### Data excerpt
┄┄┄┄┄┄┄┄┄┄┄┄┄┄┄┄┄┄┄┄

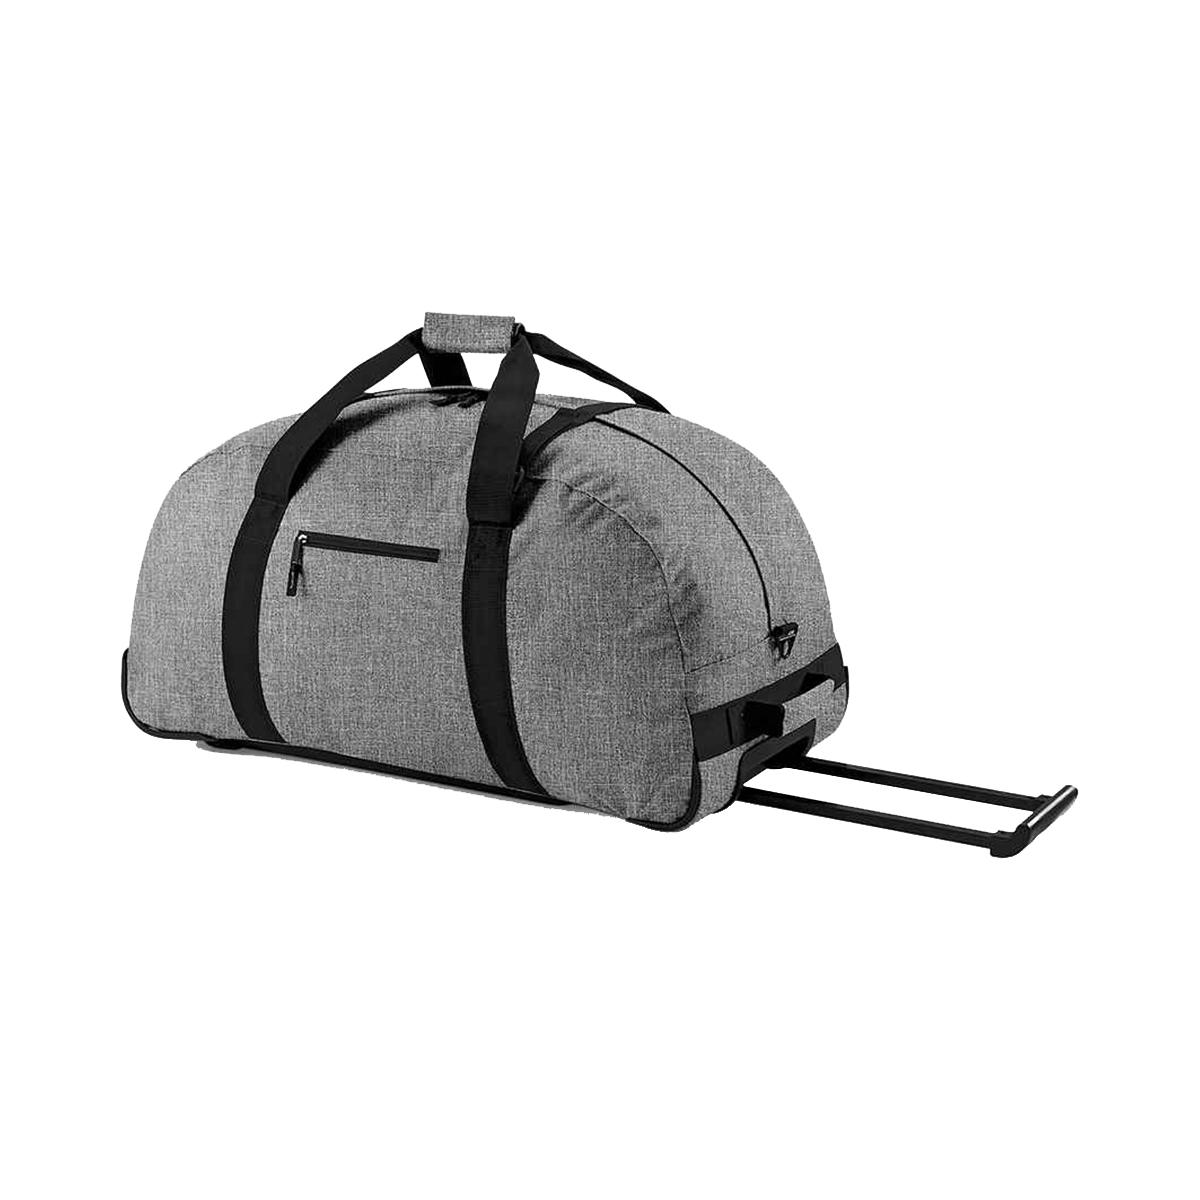 Bagbase Wheelie Holdall / Duffle Bag (105 Litres) (One Size) (Grey Marl)
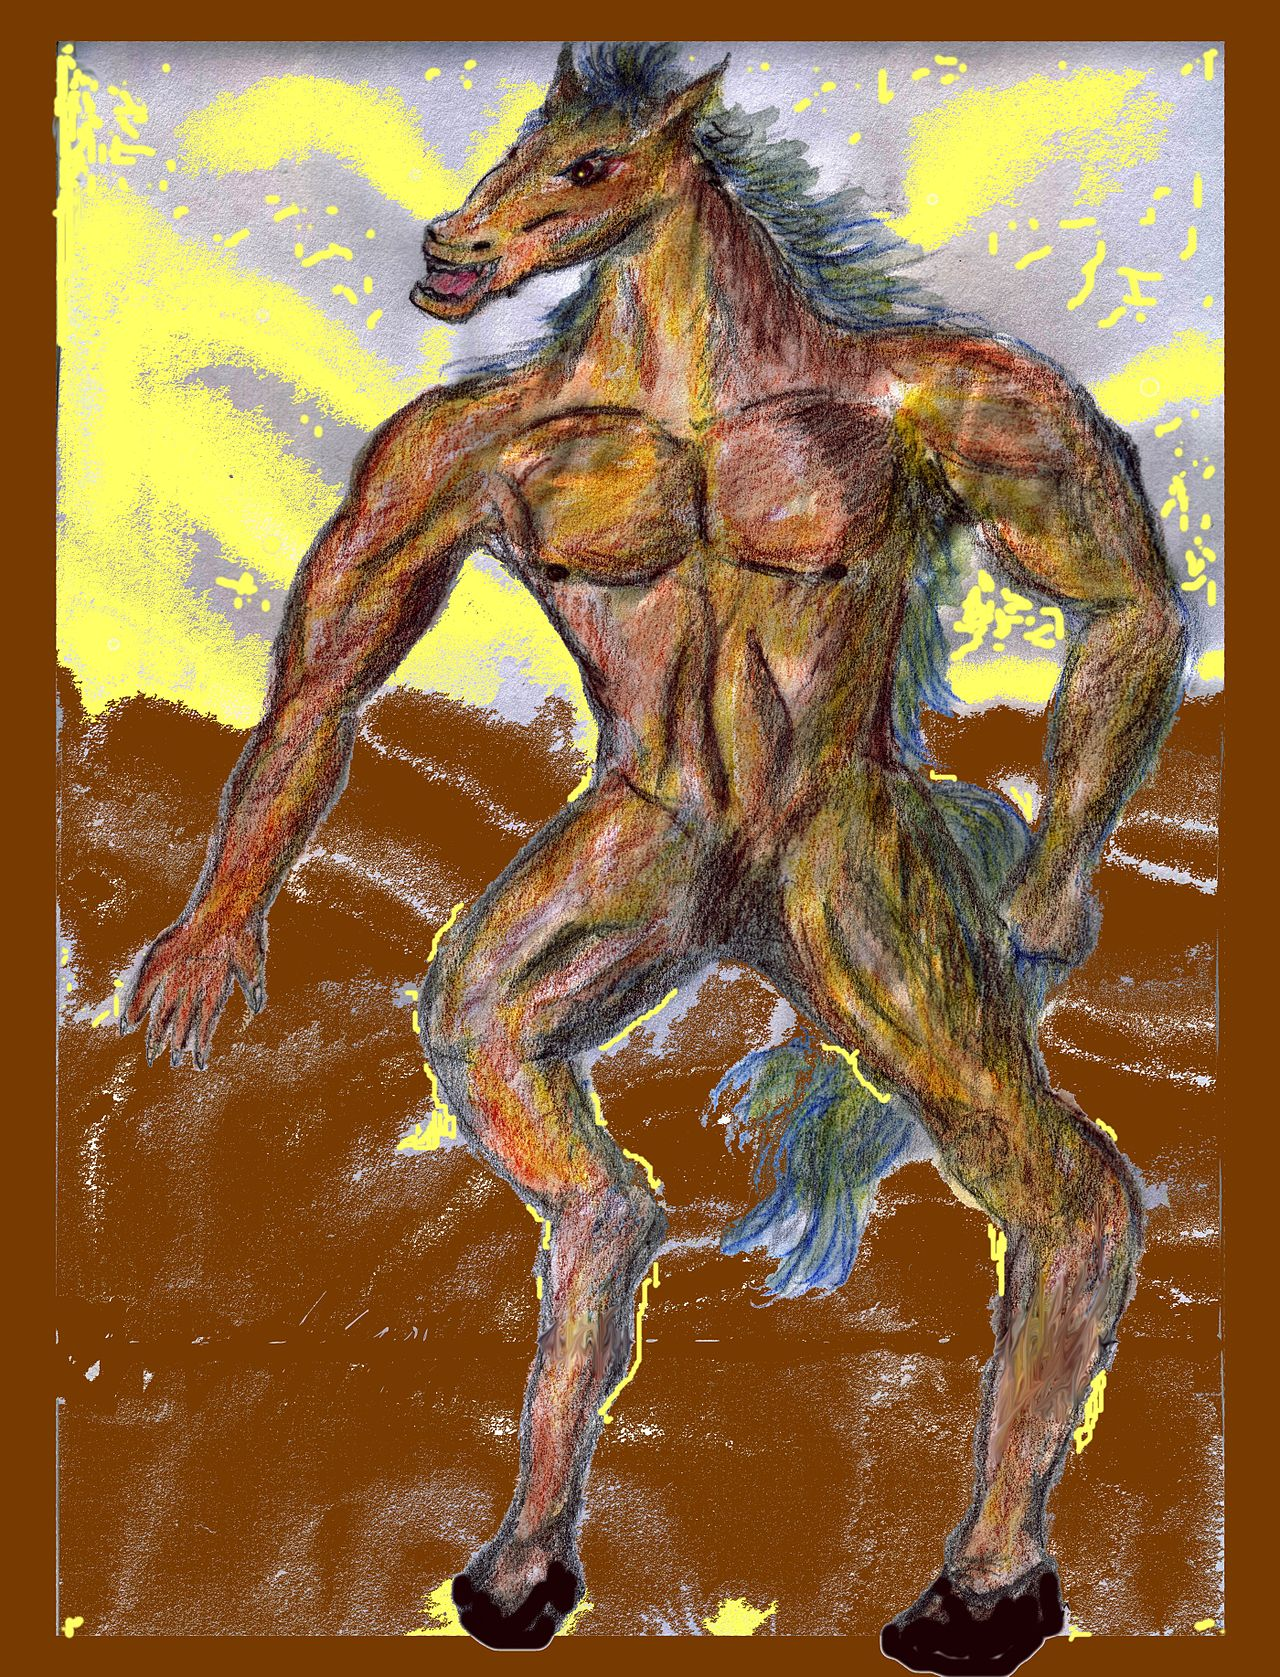 1280px-Tikbalang_The_Philippine_Demon_Horse_Commons.jpg
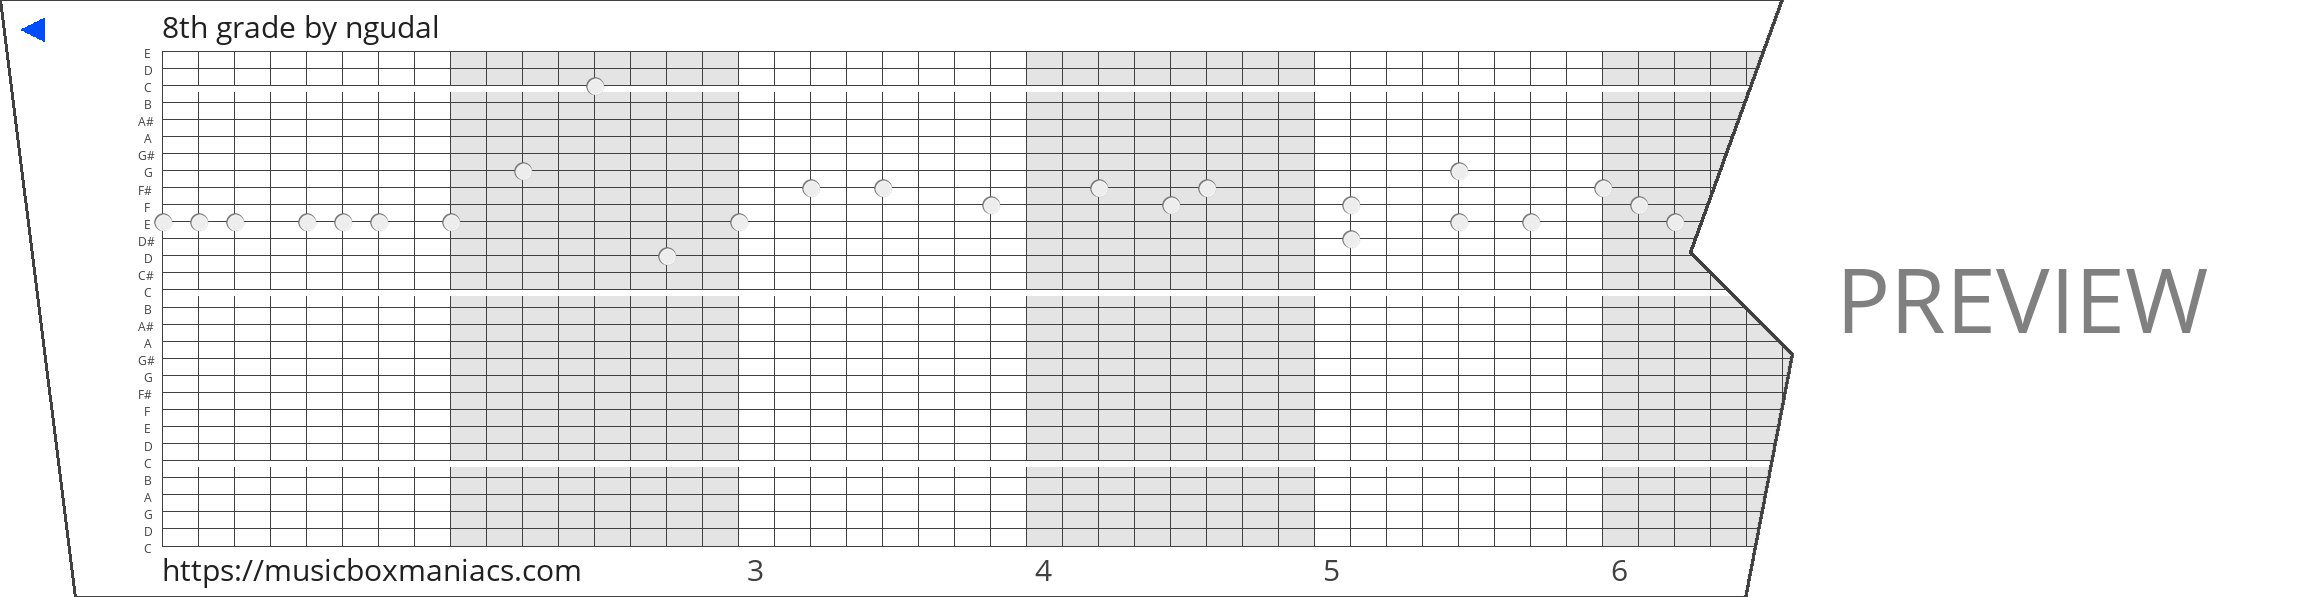 8th grade 30 note music box paper strip

┄┄┄┄┄┄┄┄┄┄┄┄┄┄┄┄┄┄┄┄

### Exercise requirements
The expected result is the complete listing above, printed exactly, with no pictures.

### Solution to this exercise
 Bagbase Wheelie Holdall / Duffle Bag (105 Litres) (One Size) (Grey Marl)
 1280px-Tikbalang_The_Philippine_Demon_Horse_Commons.jpg
 8th grade 30 note music box paper strip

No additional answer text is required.